While the Government of Pakistan took important steps to implement the 2017 Comprehensive Policy on Voluntary Repatriation and Management of Afghan Nationals, the Prime Minister called for more comprehensive, rights-based and solutions-oriented responses to the refugee situation. This progressive approach was reflected in the 2019 decision to allow Afghan refugees to open bank accounts in Pakistan. UNHCR will support the Government of Pakistan in further enhancing economic inclusion and contribution of refugees, including by enabling their access to SIM cards, driving licenses and ownership of assets.
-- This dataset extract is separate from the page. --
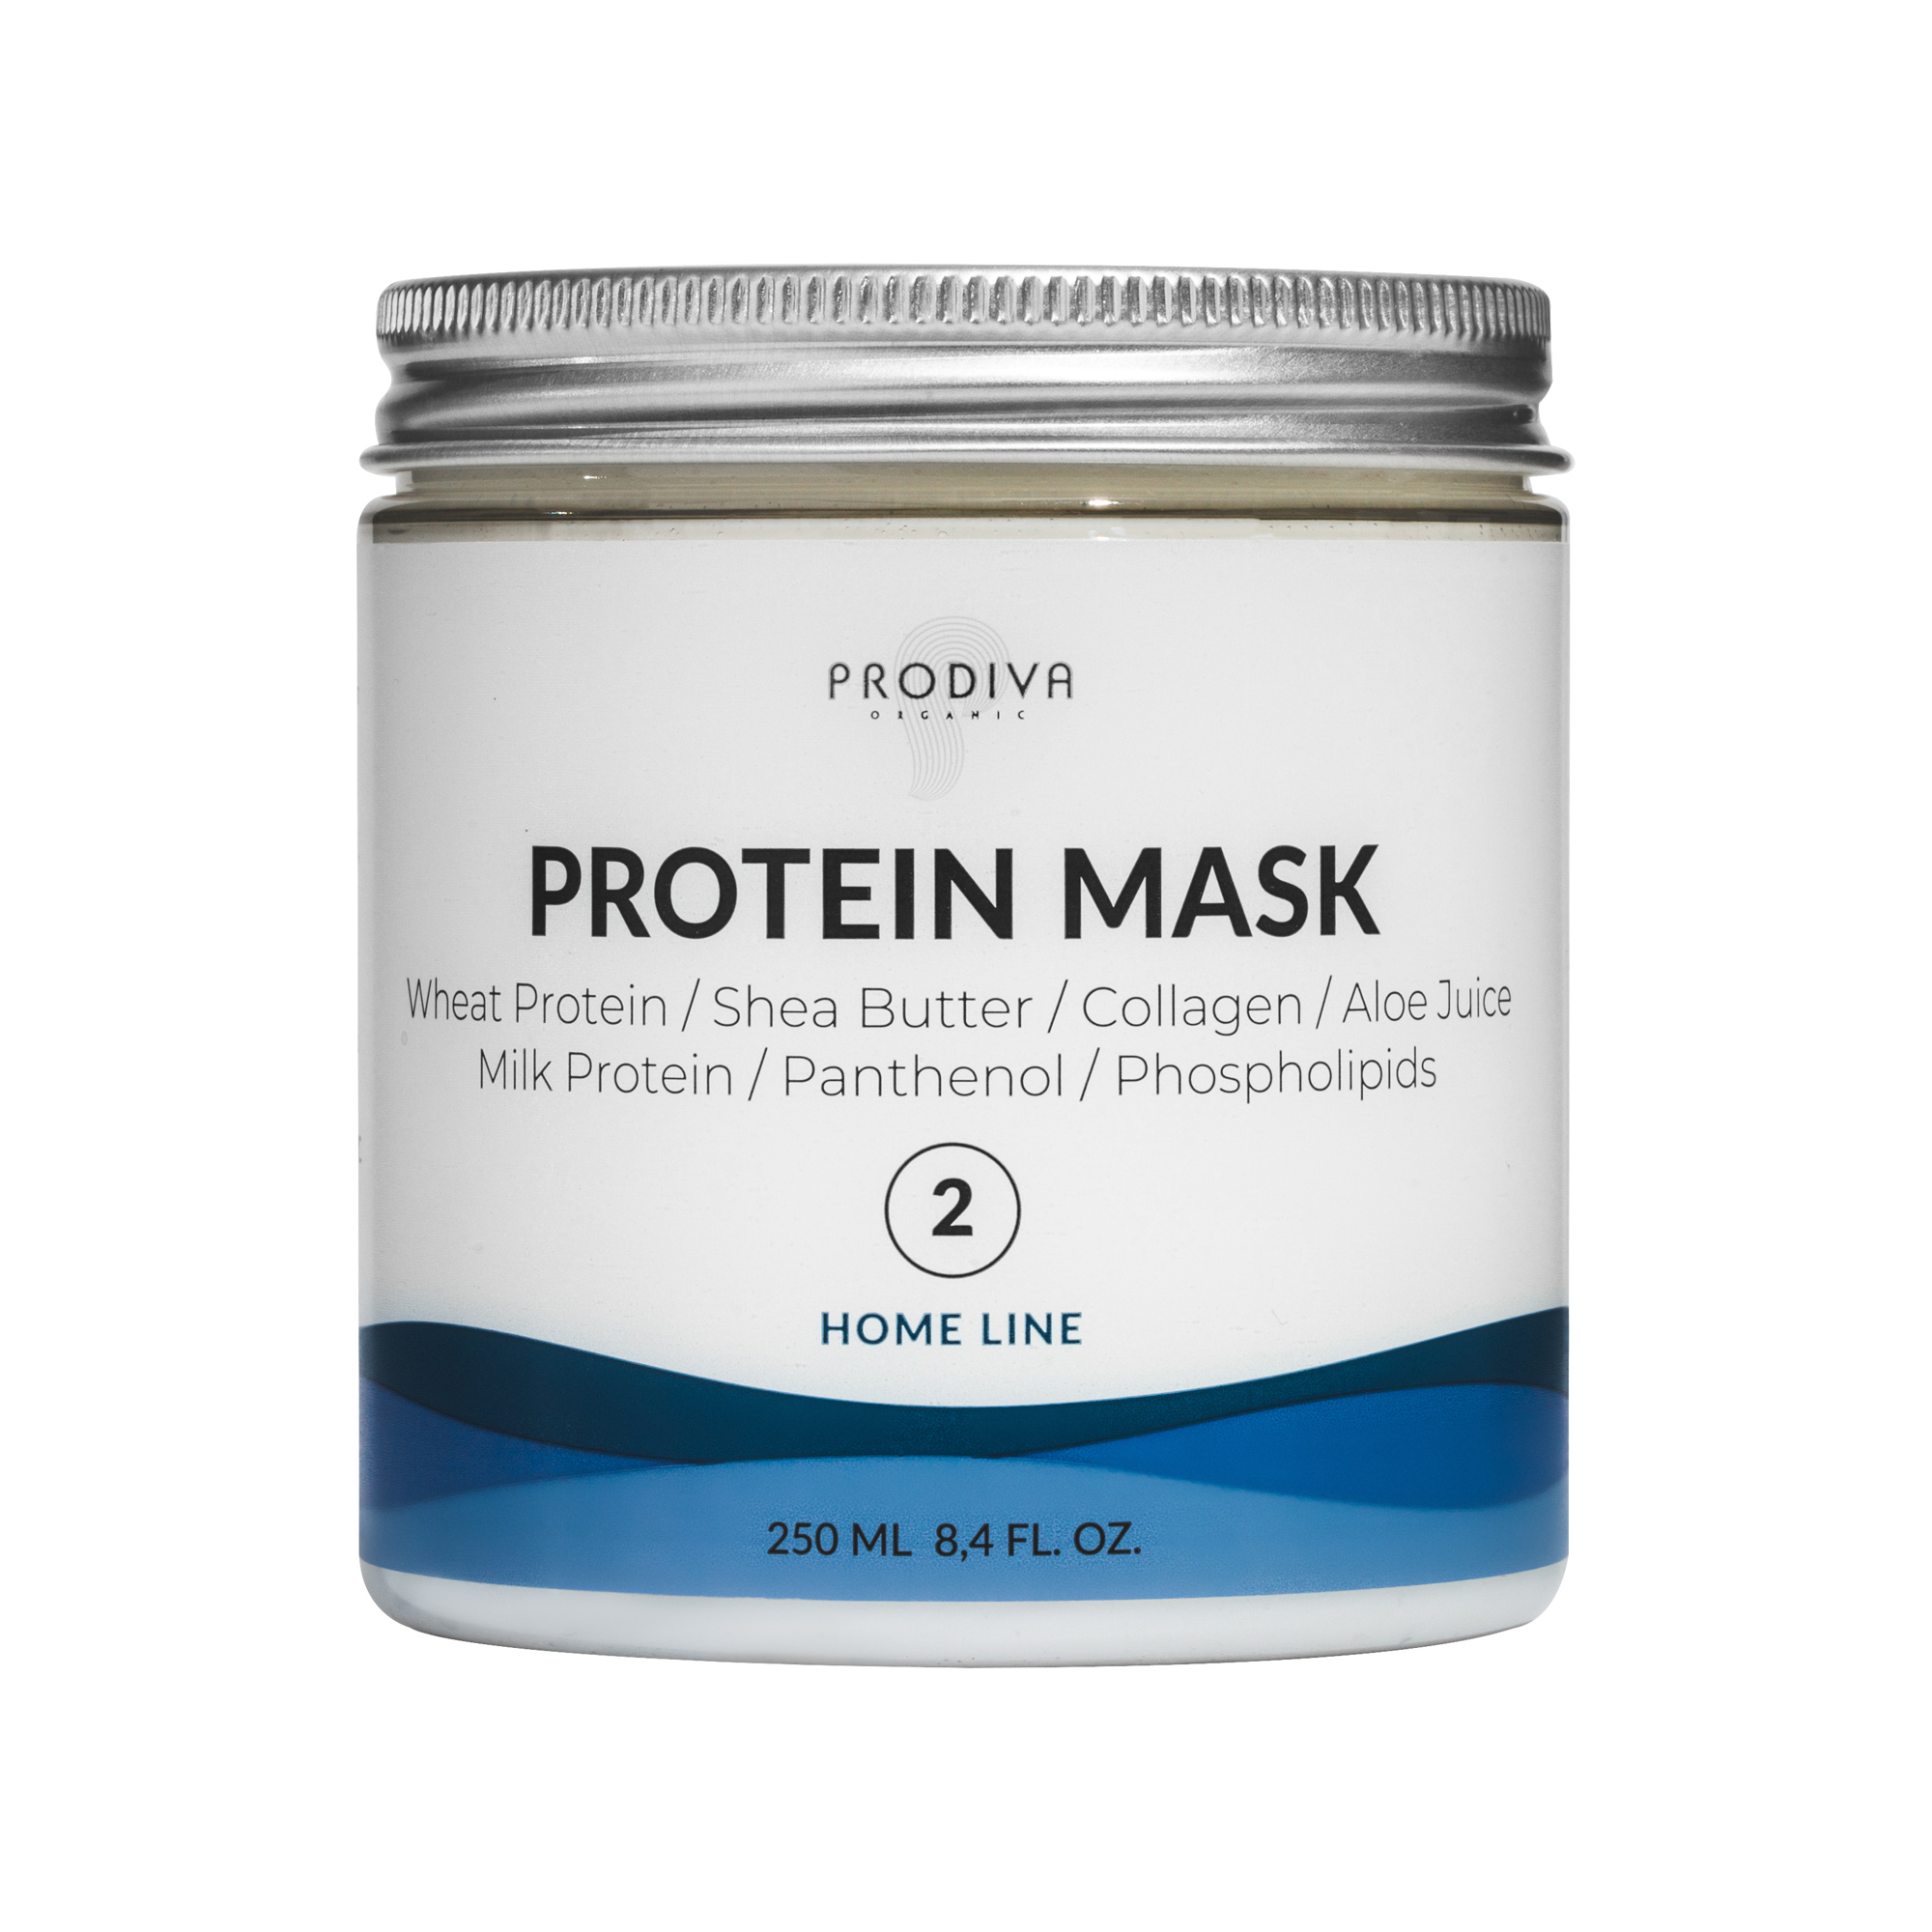 PRODIVA, Маска для протеиновой реконструкции волос Protein Mask Home Care, 250 мл.

UNHCR will support the Government of Pakistan in the implementation of its policy, including: i) the enactment of the national refugee law; ii) a more long-term and predictable extension of the Proof of Registration (PoR) cards and Tripartite Agreement; iii) implementation of the flexible visa regime for PoR card holders. While UNHCR works with the Government of Pakistan to ensure that the visa regime incorporates essential protection safeguards, progress will depend on the ability of the Government of Afghanistan to start issuing Afghan passports in Pakistan.
UNHCR will seek to capitalize on the Global Compact on Refugees to advocate for greater international responsibility-sharing, with emphasis on RAHA.

Key priorities

In Pakistan, UNHCR has three strategic priorities which aim to foster gradual and stronger inclusion of UNHCR’s persons of concern into national policies, planning and service delivery.
UNHCR will continue to facilitate voluntary repatriation as the preferred (regional) durable solution for Afghan refugees; the Government of Pakistan-conceived flexible-visa regime is expected to be functioning, and resettlement will continue to be available only for the most urgent and emergency refugee cases.

UNHCR aims to work more closely with the Government of Pakistan on adoption of the national refugee law and will continue to diversify/reinforce partnerships and sensitize the authorities and communities at federal and provincial levels. It will support refugees to access asylum (including protection from refoulement), legal aid, registration and documentation. Strategic community-based protection orientation will be reinforced/refined, leading to enhanced community resilience and further consolidated UNHCR field presence/outreach in both refugee and host communities. A stronger focus on SGBV, child protection and people with specific needs will prevent/reduce protection risks and improve quality of response. The drive to bring refugees closer to the existing services (i.e. health and education) will remain a priority next to livelihoods and skill building interventions. UNHCR will also deepen its advocacy engagement with the Government of Pakistan on protection/prevention actions and on Pakistan’s accession to the statelessness conventions.

UNHCR will continue to reinforce and diversify its links and partnerships with the Government, civil society, the UN, academia, traditional and non-traditional donors and the private sector, as well as refugee and hosting communities in order to foster operational synergies essential to link refugee protection, assistance and solutions work in the spirit of the regional SSAR and the Global Compact on Refugees.